What the exercise asks => The entire listing that follows must be repeated exactly, pictures excluded.

Data extract =>
####################

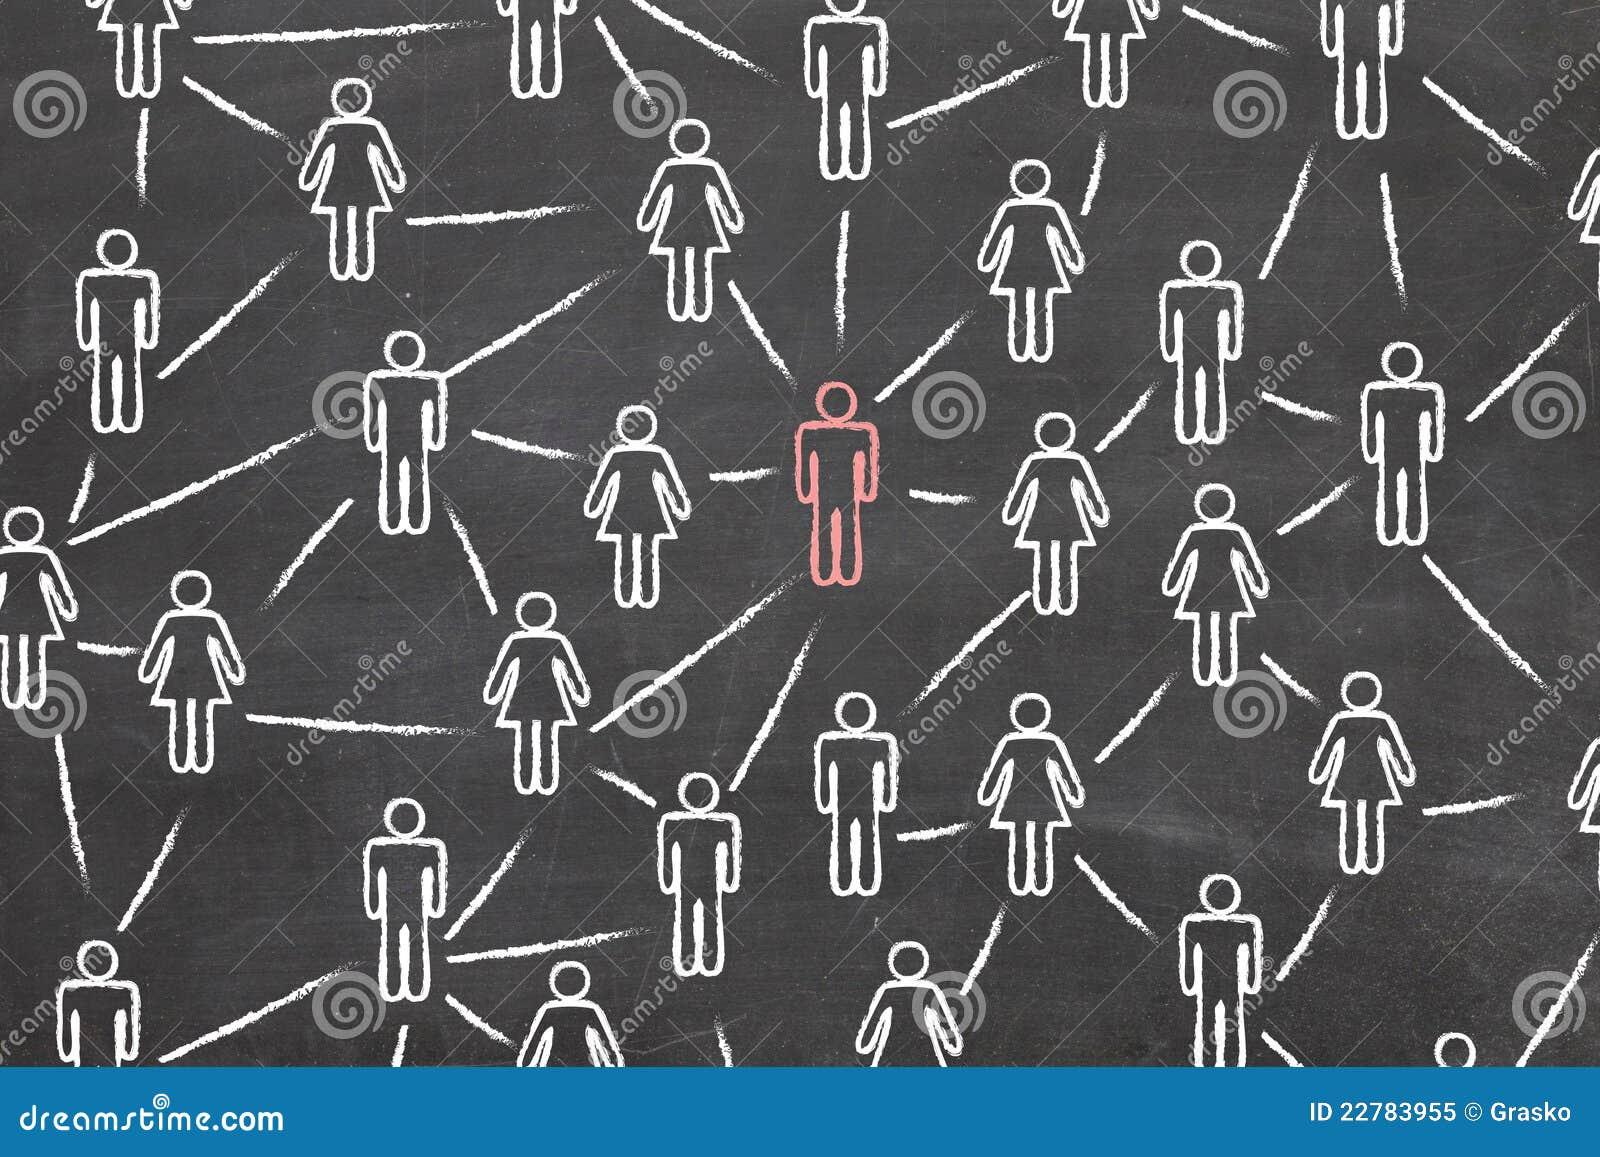 Sociaal media netwerk
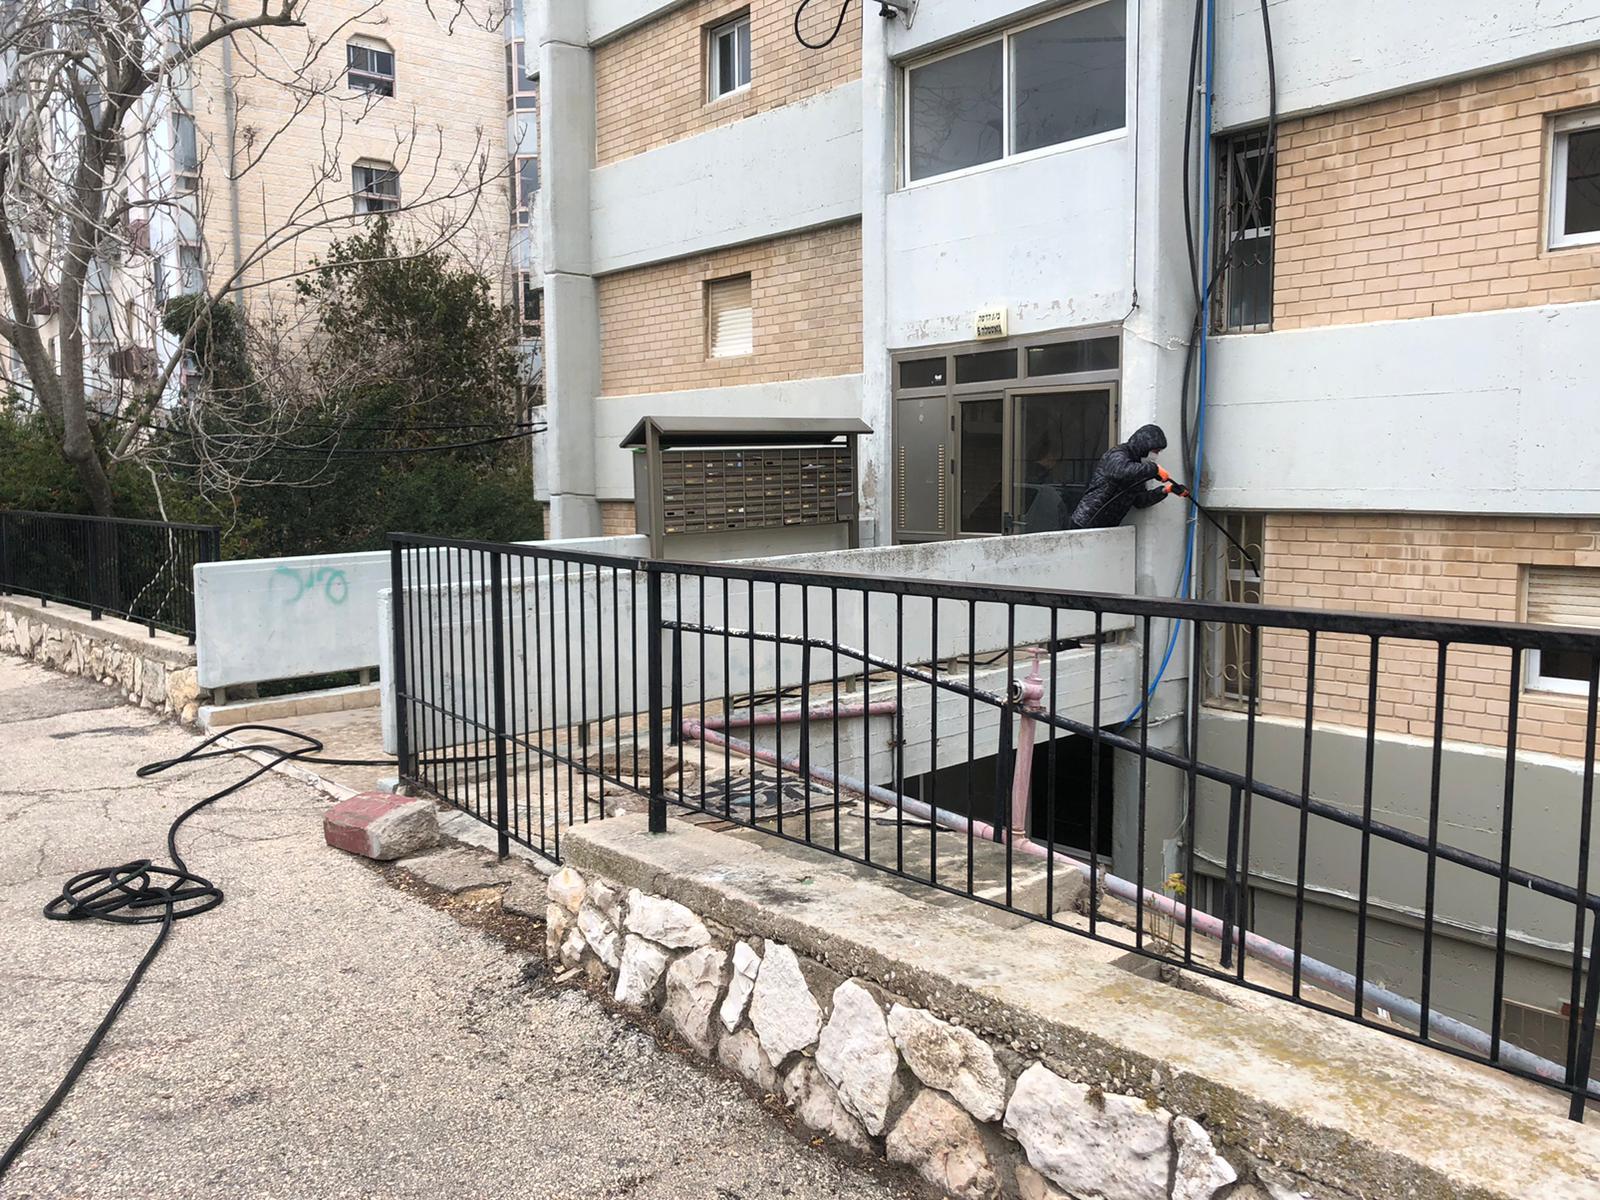 פתיחת סתימה ושטיפת קווים בלחץ מים בבניין מגורים משותף בקריית יובל בירושלים.
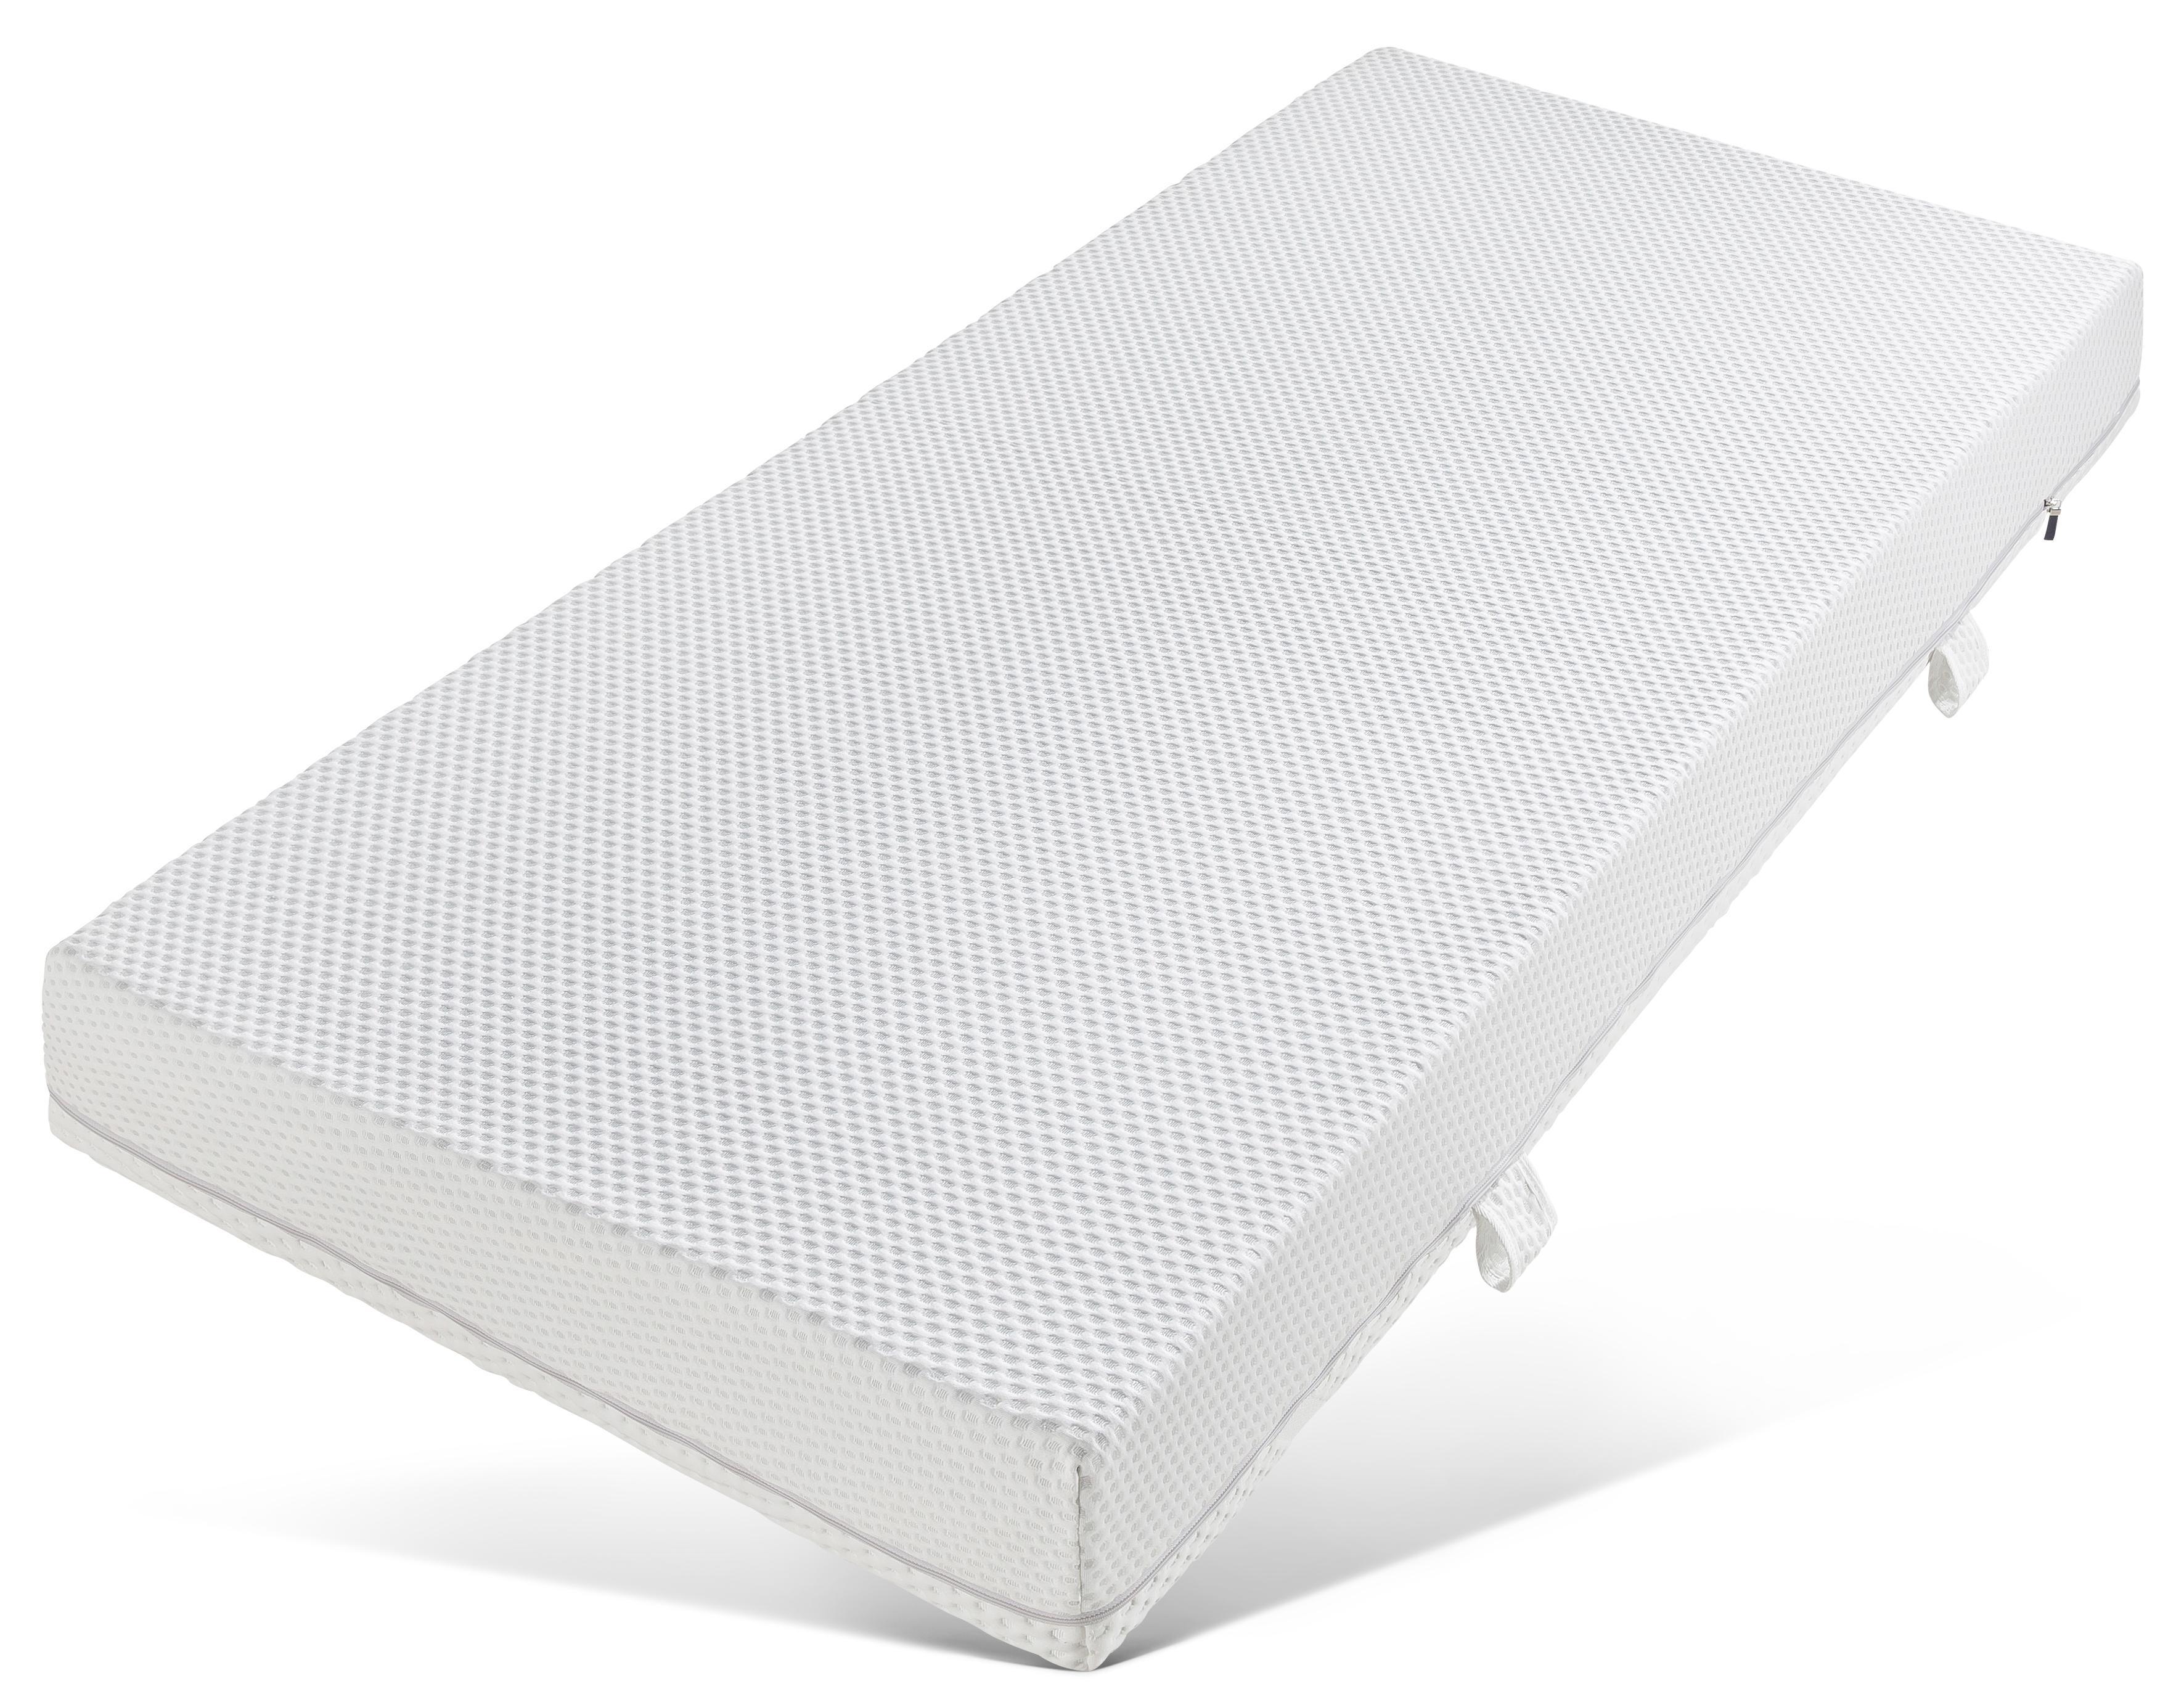 Komfortschaummatratze GEL STYLE 2200 Hemafa 22 cm hoch

####################

Written solution =>
 Sociaal media netwerk
 פתיחת סתימה ושטיפת קווים בלחץ מים בבניין מגורים משותף בקריית יובל בירושלים.
 Komfortschaummatratze GEL STYLE 2200 Hemafa 22 cm hoch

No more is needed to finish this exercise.